Being a feminist in a conservative country with a government that overtly fights to limit the rights of women can be a very challenging task. Nevertheless, there are fierce women that do not back down from attacks directed at them and their liberties. We invited such a woman on the Barricades!
İrem Kayıkçı, from the feminist organization Mor Dayanışma (Purple Solidarity) in Turkey, agreed to discuss the decision of president Recep Tayyip Erdoğan of withdrawing from the Istanbul Convention. Irem is part of a major grass-roots feminist organization in Turkey that has dozens of branches all over Turkey and she, as a socialist feminist, is part of their collective struggle with a neoliberal ultra-conservative government that aims to take back some of the important rights that women in Turkey have gained.
Turkey is a country with very high levels of domestic violence, ending in the murder of hundreds of women. The feminist organizations, according to İrem Kayıkçı, show that more than 300 women were murdered by men last year and the number is growing.
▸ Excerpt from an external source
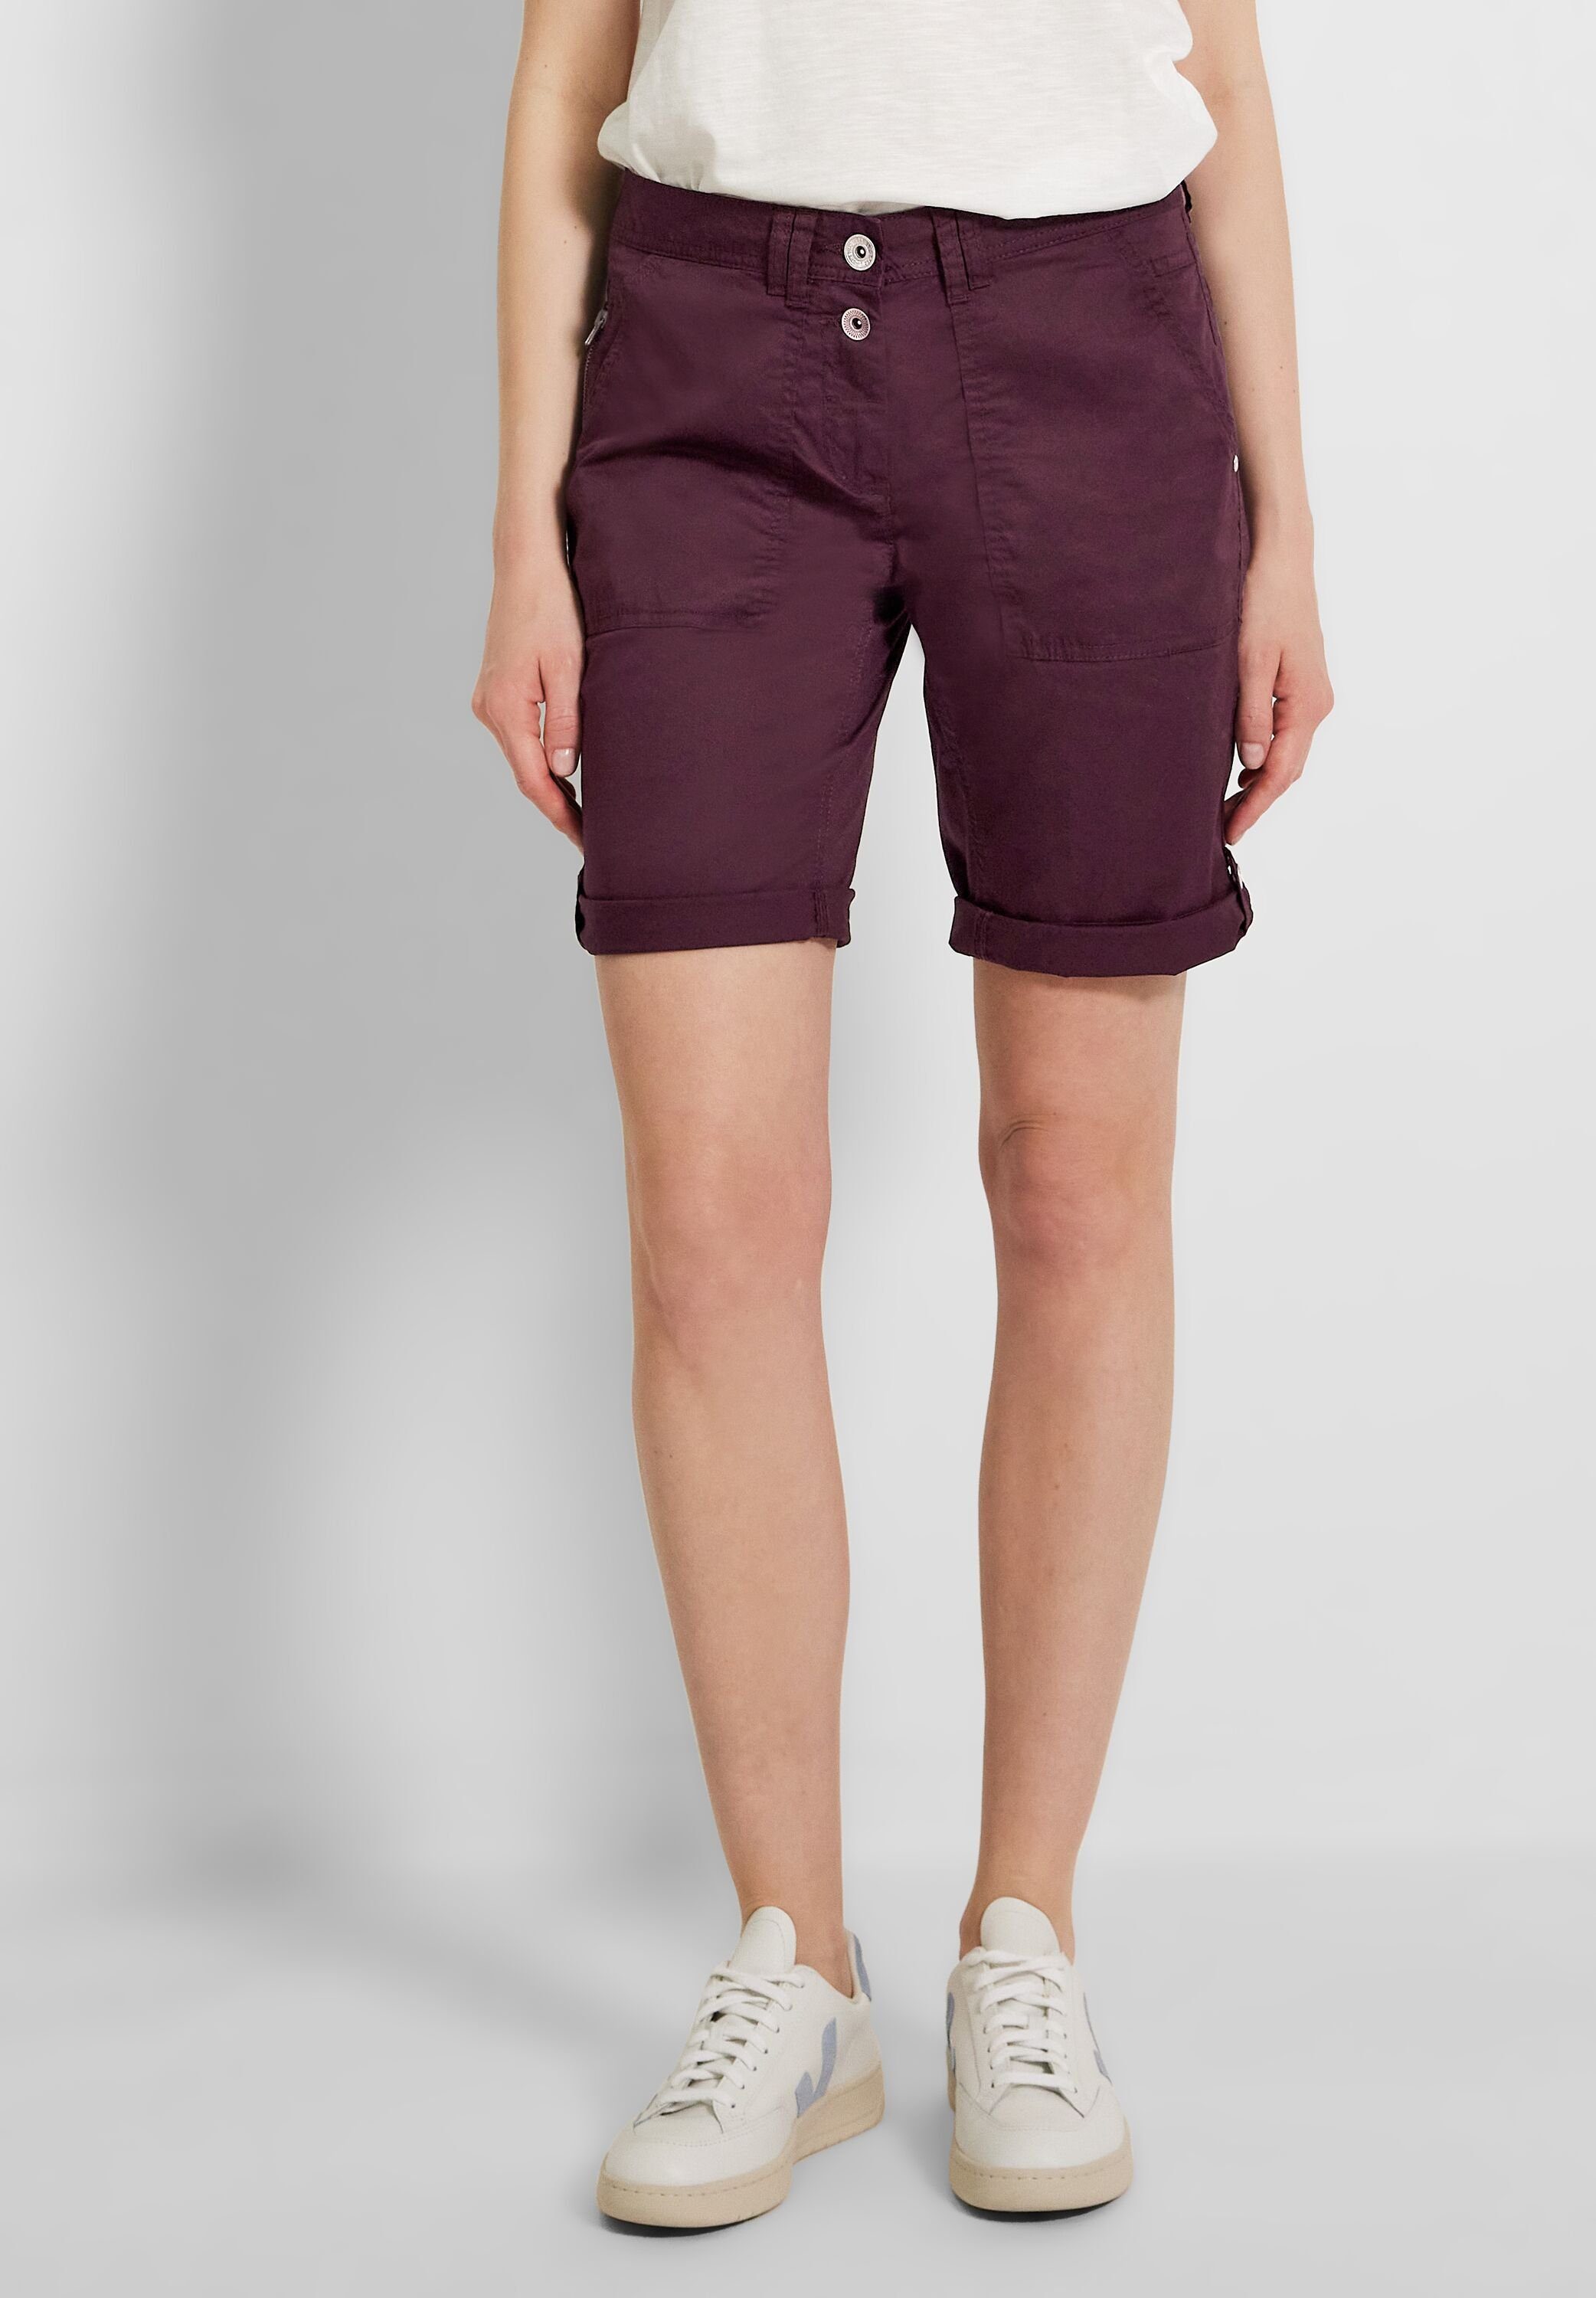 Cecil Shorts Cecil Loose Fit Shorts in Wineberry Red (1-tlg) Zipper

Maria Cernat and Boyan Stanislavski wanted to analyze the possible reasons motivating president Erdoğan as well as the structural causes of such high levels of male violence against women. Irem provided useful data regarding unemployment among Turkish women as well as very insightful opinions on how a mass grass-roots feminist organization is the only way to fight a very aggressive conservative president.